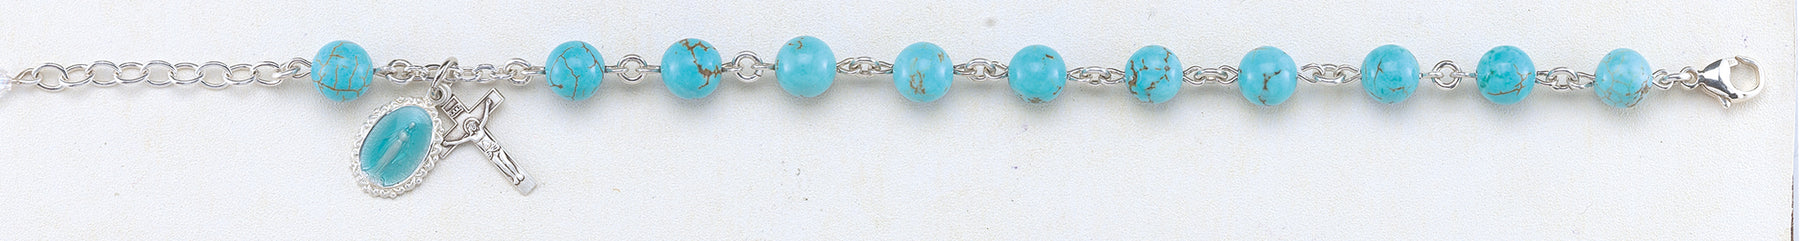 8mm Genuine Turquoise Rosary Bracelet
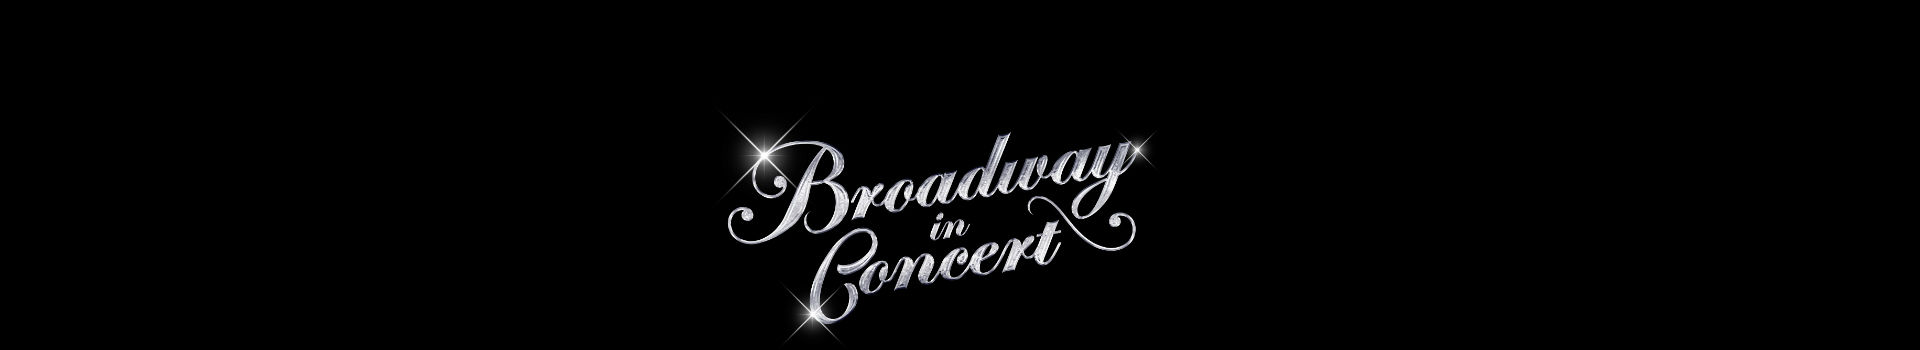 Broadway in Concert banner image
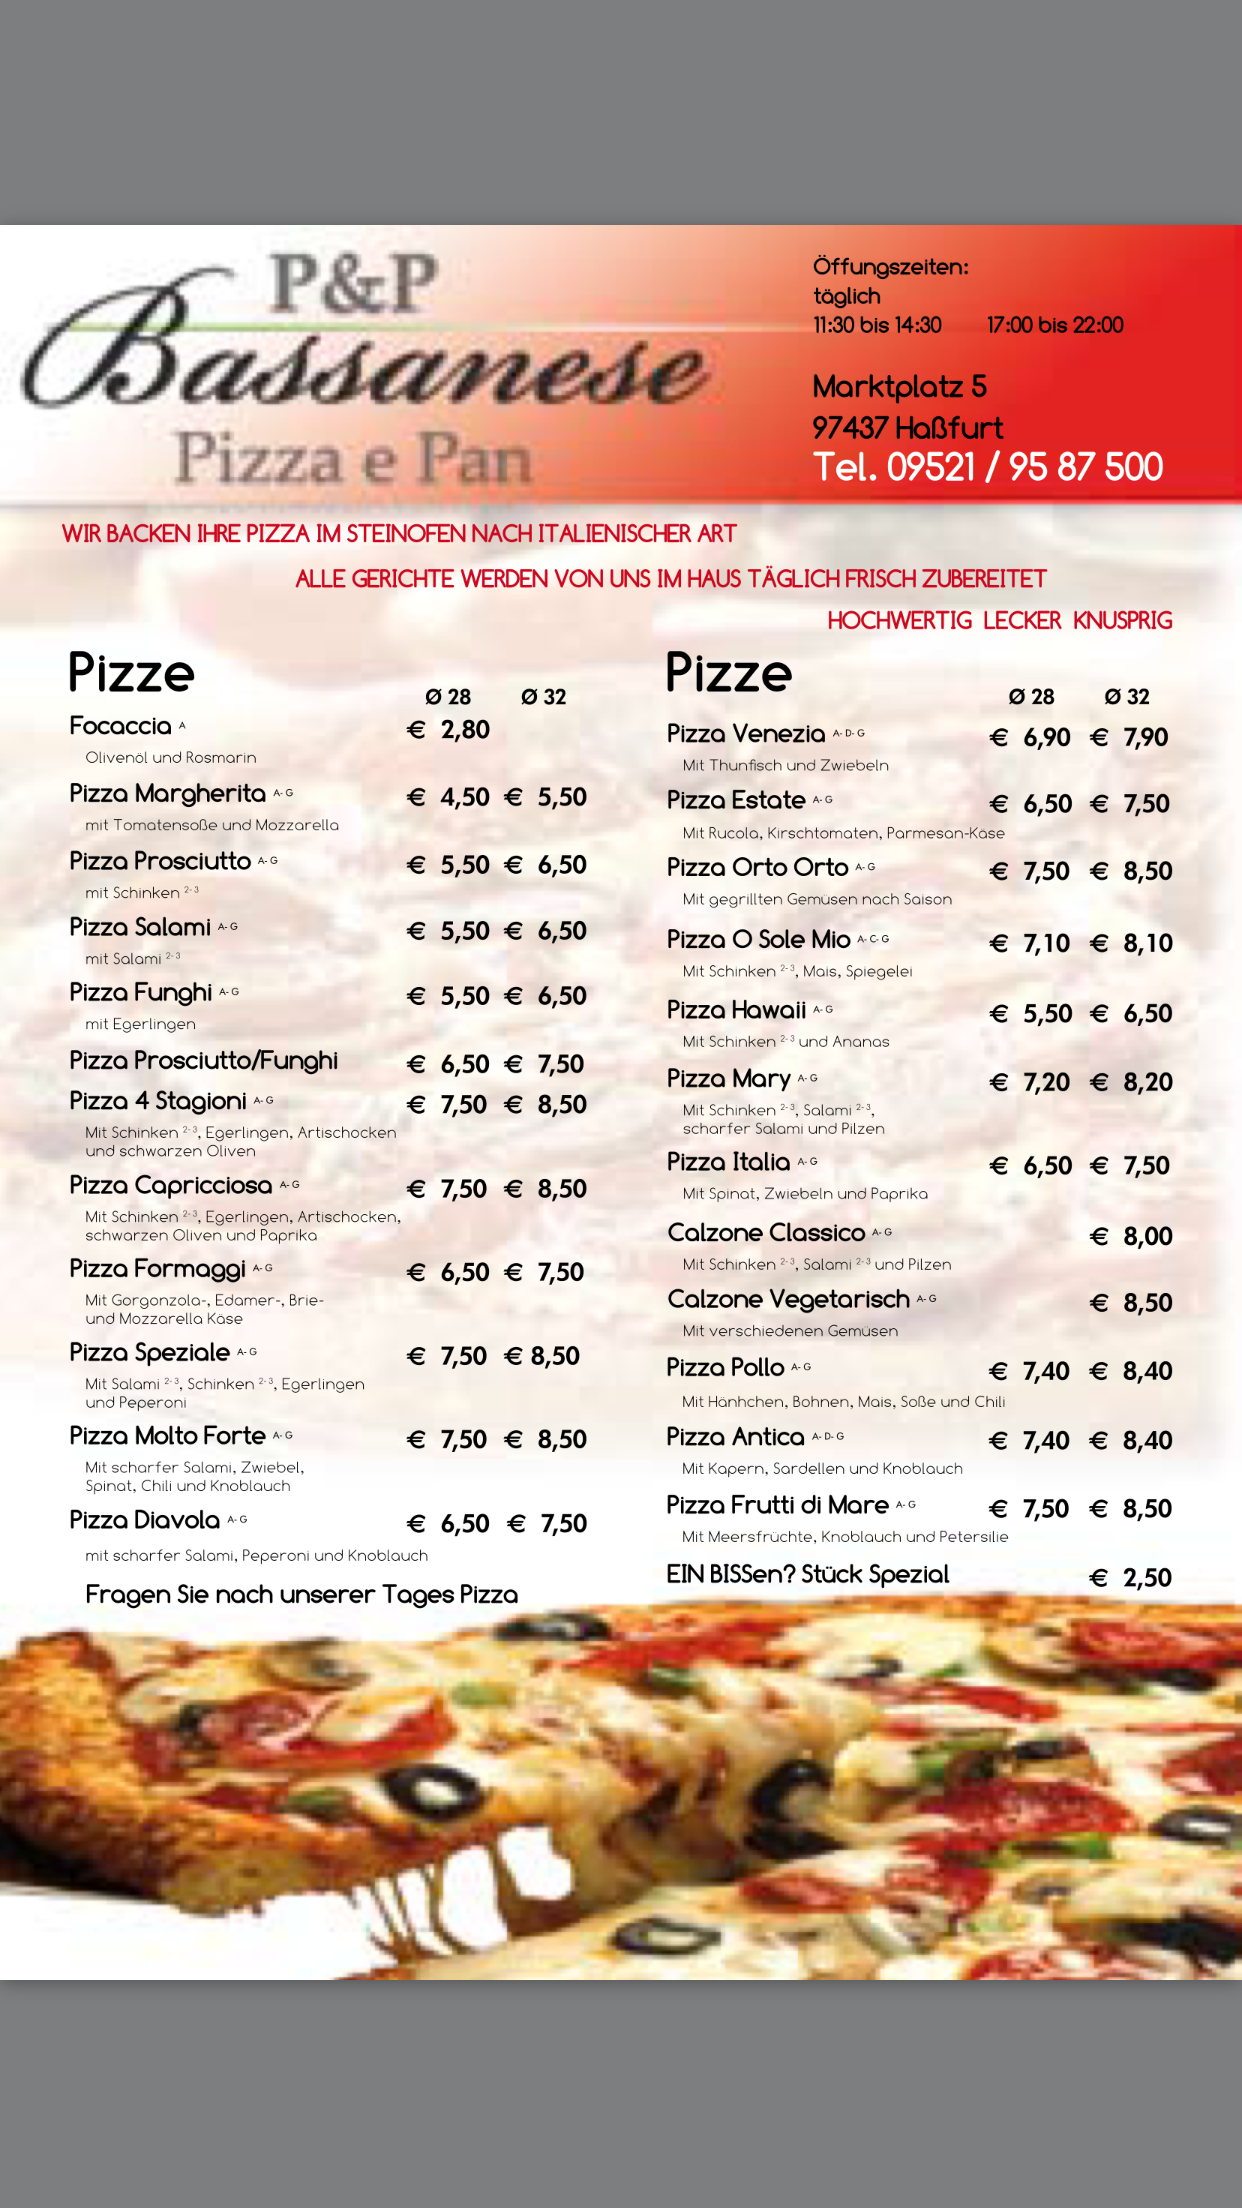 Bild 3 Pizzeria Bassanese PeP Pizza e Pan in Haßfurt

Your goal: Give the listing again in full, exactly as it is, but without its images.

Answer to this exercise:
 8mm Genuine Turquoise Rosary Bracelet
 Broadway in Concert banner image
 Bild 3 Pizzeria Bassanese PeP Pizza e Pan in Haßfurt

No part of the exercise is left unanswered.